We’ve had 3 remote production devices get into a strange state. We first noticed this state since our application containers appeared to have stopped running.
This strange state is characterized by: application containers are stopped and device shows “Online” in balena site. Device seems to accept a “Restart” request, but then goes into an infinite loop of trying to start the container and failing, giving the message in the balena logs:
22.01.19 09:04:20 (-0800) Failed to start service ‘main sha256:d190a908c4728f103821c160c827ceed4a6e94be932abd2fcad7ac4972f5f928’ due to '(HTTP code 500) server error - error while creating mount source path ‘/tmp/balena-supervisor/services/485241/main’: mkdir /tmp/balena-supervisor: file exists ’

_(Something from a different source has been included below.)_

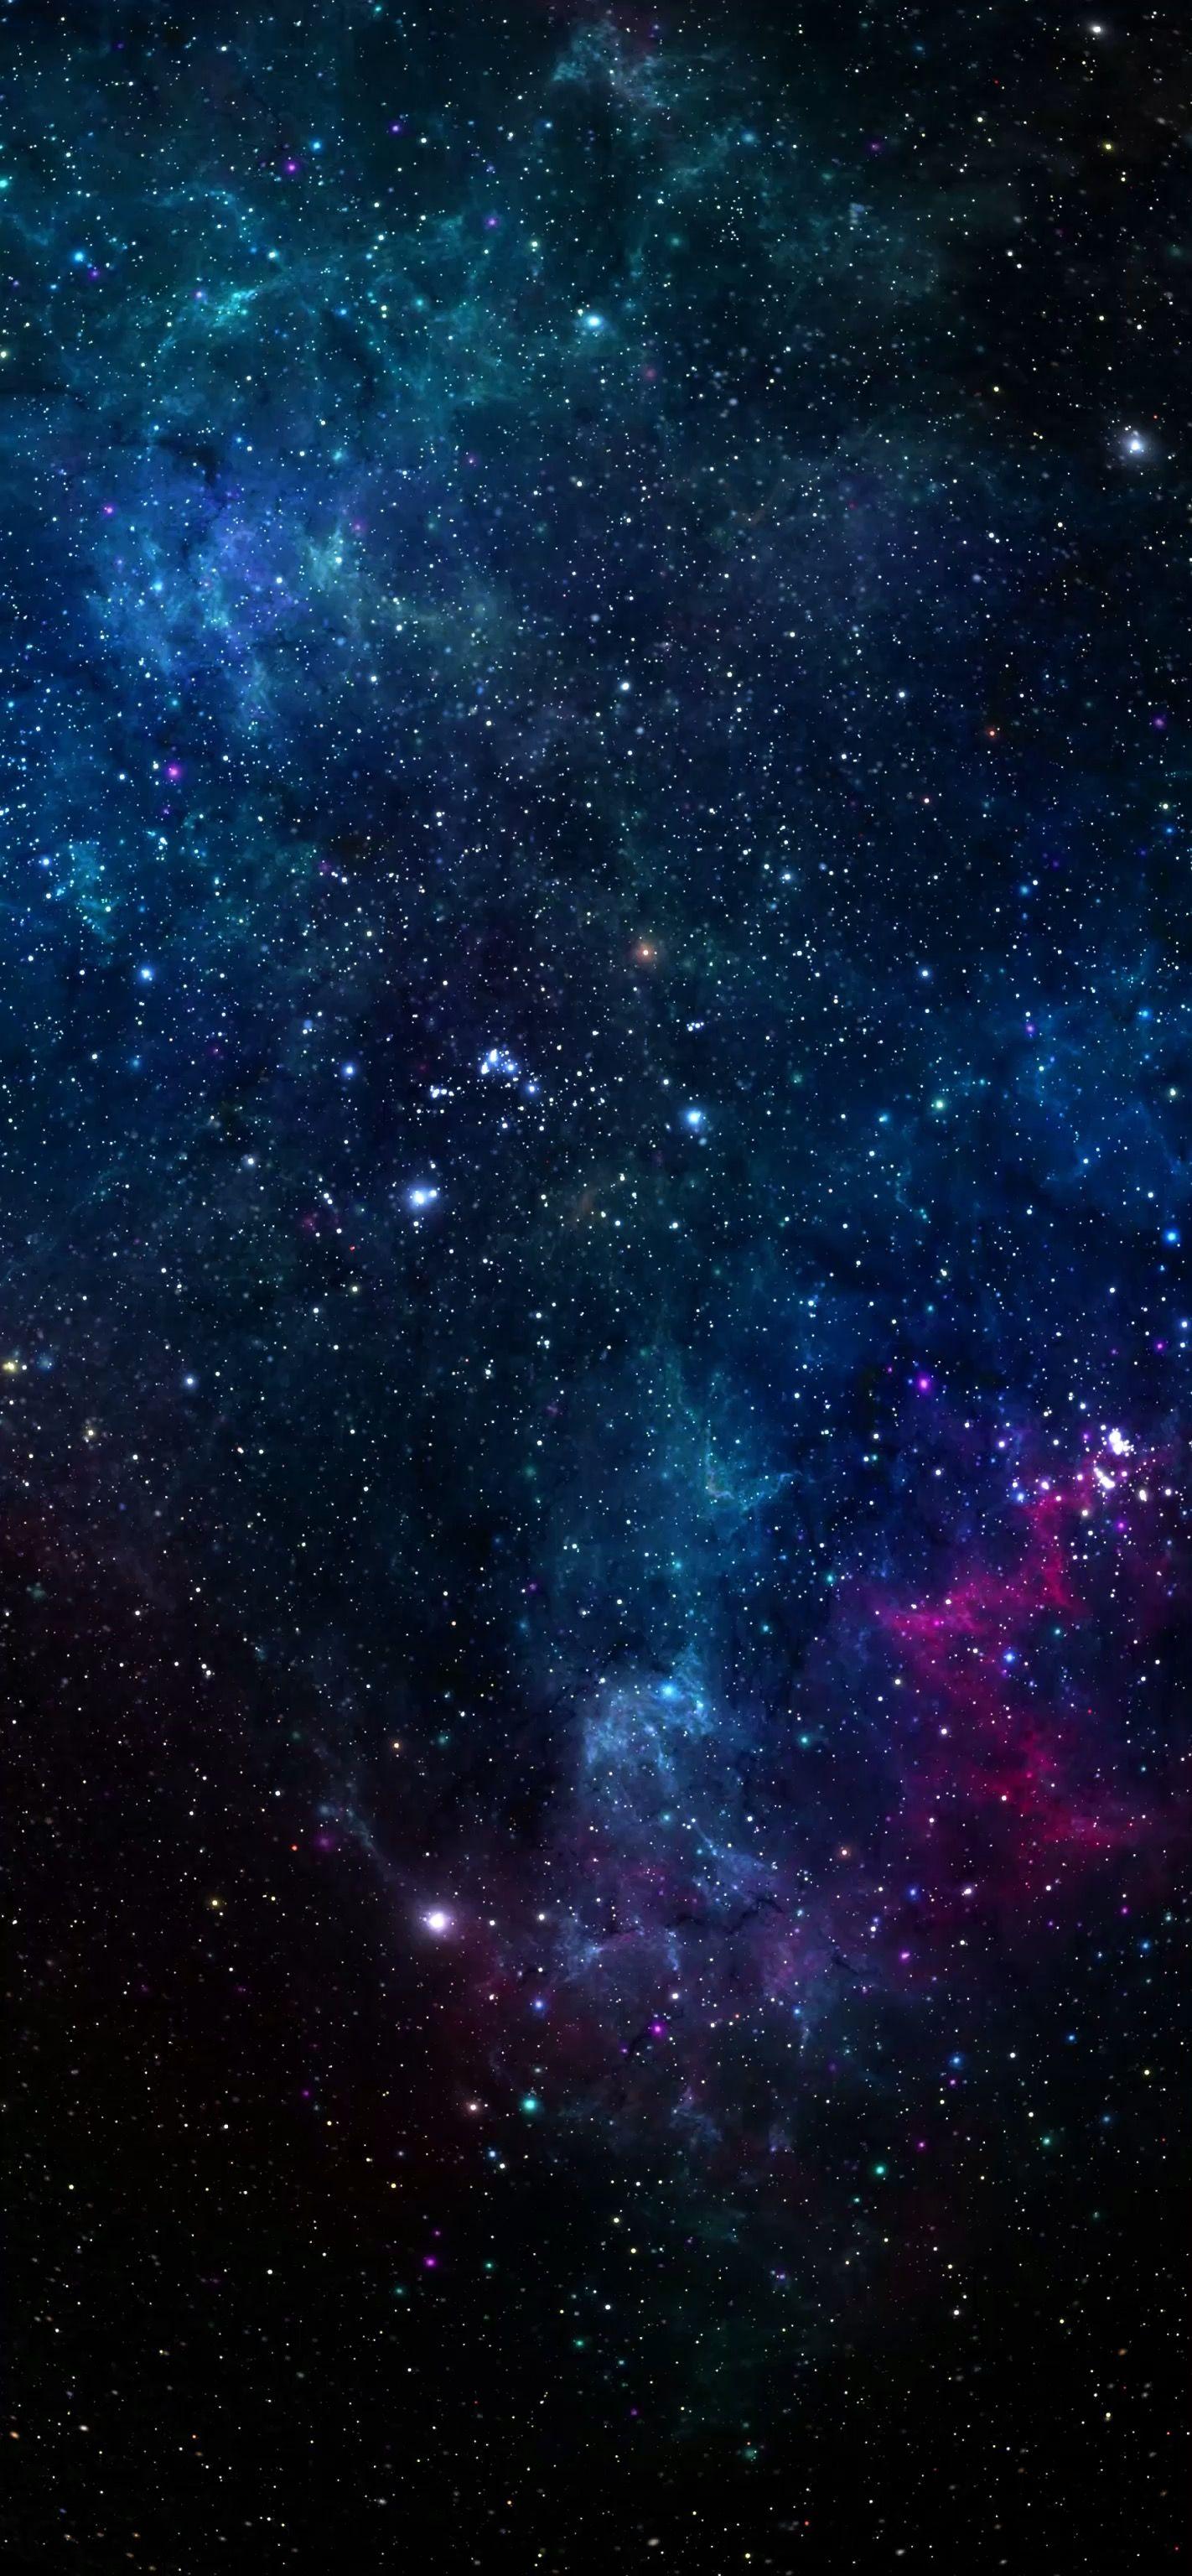 Interstellar Live Wallpaper Wallpapers Central In 2021 Galaxy Phone Wallpaper Space Phone Wallpaper Blue Galaxy Wallpaper Galaxy wallpaper live photo

Issuing a “Reboot” request restores the devices to a fully operational status.
Why is this happening, and how can we prevent it? What can we look into?
is any of your devices experiencing this issue right now? Can you please enable support access for this device and share the dashboard link with me (you can use direct message)?
Hi @troyvsvs,
is any of your devices experiencing this issue right now? Can you please enable support access for this device and share the dashboard link with me (you can use direct message)?
Thanks,
Robert
Hi zrzka,
Downtime in production is unacceptable for us, so in the past we’ve rebooted these devices as soon as we noticed this state. However, for troubleshooting, we’ll do our best to try to forward you support access to a device that gets into this state the next time we see it.
Out of curiosity, is there any way for us to go in and capture the low level system logs ourselves? Maybe we can look at them too in addition to the full support access option.
okay, thanks. Next time the problem appears, please, enable support access and share the dashboard link with us.
If you’d like to investigate by yourself, you can Start terminal session to the Host OS and you can use standard tools to examine logs (journalctl, …).